Welche Unternehmen stellen aktuell AI Engineer remote ein?
Zu den Top-Arbeitgebern gehören RBC, Cohere, Karbon, Benchling, RingCentral und Lemon.io. Diese Unternehmen sind stark in der AI-Entwicklung tätig.
In welchen Regionen gibt es die meisten AI-Engineer-Stellen?
Die meisten Stellen sind in den Amerika (10), Kanada (7), dem Asiatisch-Pazifischen Raum (4), Europa (2), USA (2) und weltweiten Angeboten (2).

Karriere-Guide

Wie wird man AI Engineer und welche Chancen bietet Remote-Arbeit?
AI Engineers bauen Systeme mit Large Language Models und Machine Learning, brauchen also Python und mathematische Grundlagen. Der Beruf ist relativ neu und wird oft von Spezialisten gefüllt, die von ML oder Data Science kommen. Remote ist perfekt, weil die meiste Arbeit Coding und Modell-Training ist und du nirgendwo sein musst, um GPU-Server zu benutzen.
Welche Tools und Fähigkeiten braucht ein AI Engineer im Homeoffice?
Python ist Fundamentale, kombiniert mit RAG und LLM-Architektur-Verständnis. Vector Databases (Pinecone, Weaviate) speichern semantische Daten, AWS für Cloud-Compute ist Standard. Prompt Engineering ist eine Kunst: du findest heraus, welche Fragen an ein LLM den besten Output geben. Distributed Systems Verständnis hilft, große Modelle zu warten.
Ist AI Engineer als Remote-Job auch für Anfänger geeignet?
Für Anfänger ist AI Engineer remote eher schwer, da die Mehrheit der Jobs Senior oder Mid-Level sind. Du brauchst Master-Abschluss oder 2-3 Jahre ML-Erfahrung, um mithalten zu können.

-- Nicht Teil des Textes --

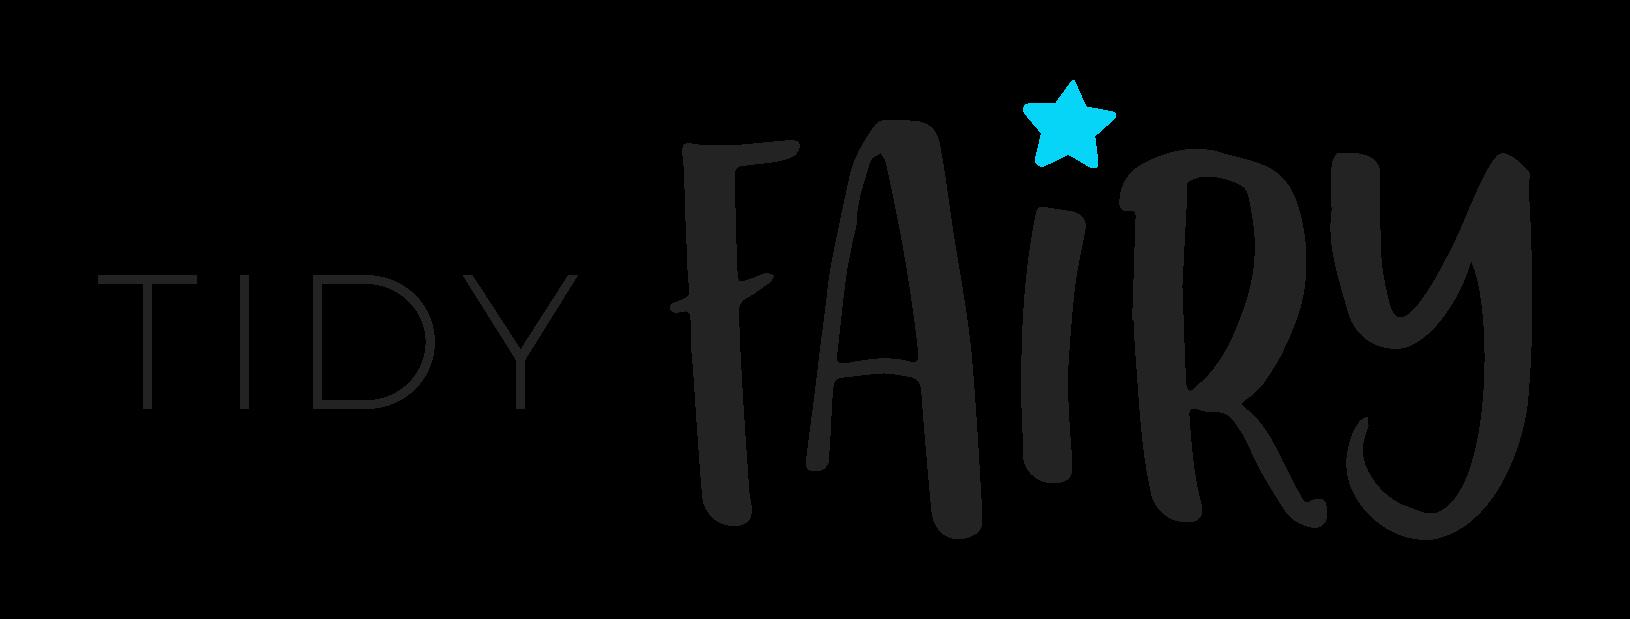 tf_logo-05.png

Anfänger sollten mit Data Science oder Machine Learning Engineer anfangen, dort die Fundamentale festigen und nach ein paar Jahren zu AI wechseln.
Welche Weiterbildungen oder Zertifikate bringen einen als AI Engineer weiter?

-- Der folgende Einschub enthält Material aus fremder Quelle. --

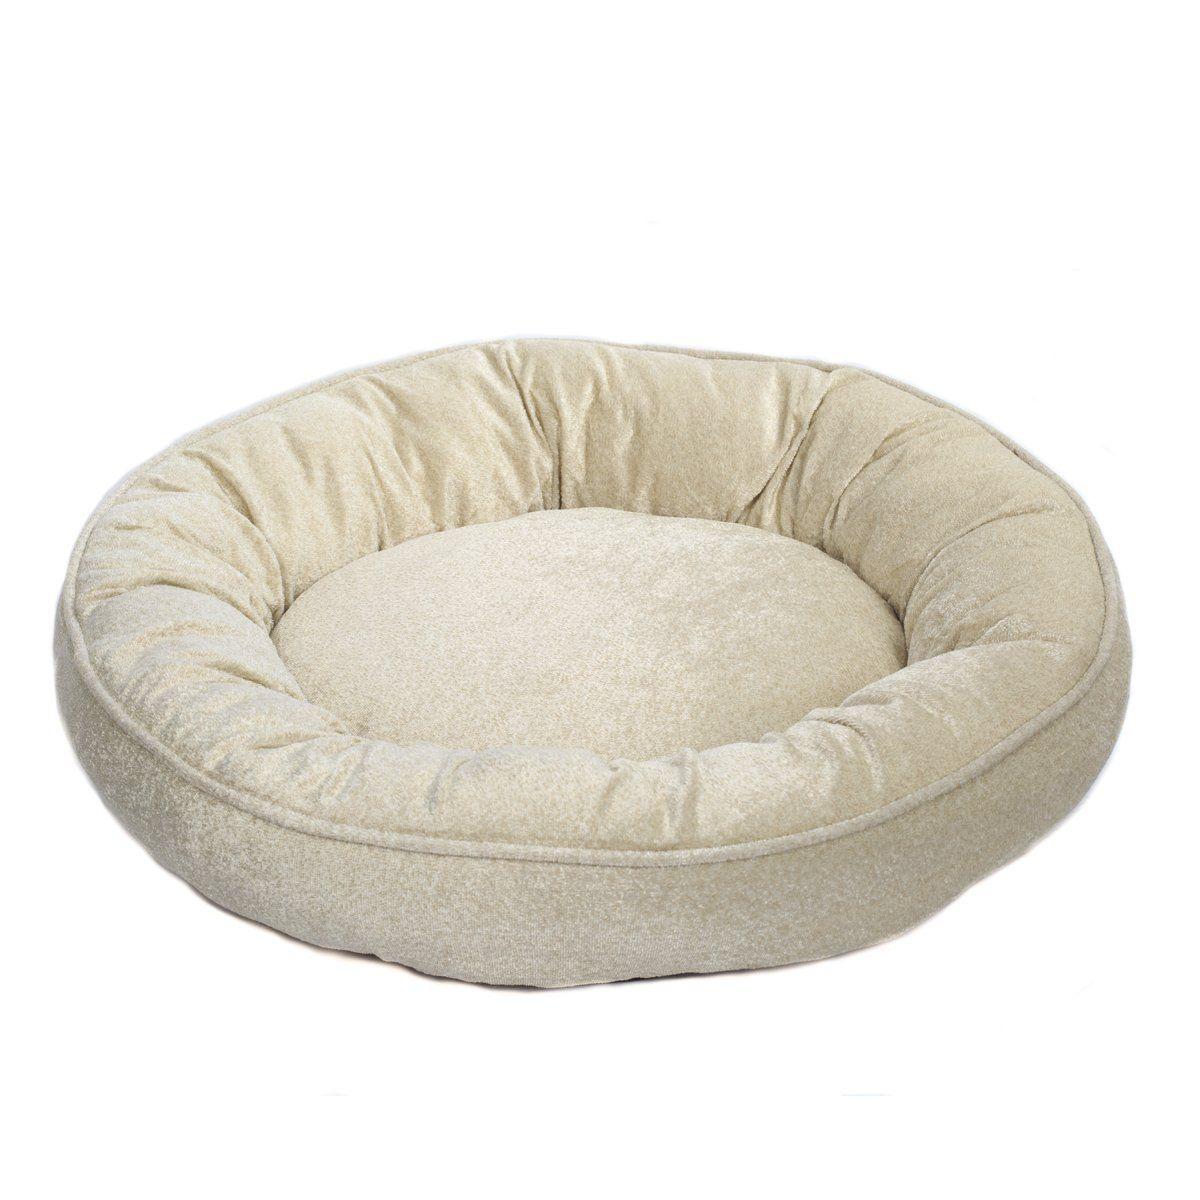 TierXpert Hera cat cushion Round cat cushion Plush

Ein Master in Computer Science oder Machine Learning bringt dir den formalen Hintergrund, aber Online-Kurse von Deeplearning.AI zu LLMs und RAG sind schneller und praktischer. AWS und Google Cloud AI-Zertifikate sind nützlich. Wichtiger aber ist dein Portfolio: ein Projekt mit eigenem RAG-System oder einem finetuned LLM beeindruckt Hiring Manager viel mehr.
Wie sieht ein typischer Arbeitstag als AI Engineer im Homeoffice aus?
Du startest mit der Evaluierung aktueller Model-Performance und Anfragen vom Product Team, was neue Features nötig sind. Dann experimentierst du mit neuen Prompts, feinerem Model-Tuning und schreibst Code für LLM-Integrationen. Code Reviews und Tests sind kritisch, weil AI-Bugs schwer zu finden sind. Abends trainst du Modelle, die über Nacht laufen.
Wie überzeugt man bei einer Remote-Bewerbung als AI Engineer?
Ein Paper oder ein Open-Source-Projekt mit neuer AI-Technik ist dein bester Beweis. GitHub-Repos, die zeigen, wie du RAG gebaut oder Prompts optimiert hast, sprechen lauter als Zertifikate. Im Interview erkläre dein Model-Design und sei bereit, über Challenges und Lösungen zu sprechen, denen du begegnet bist.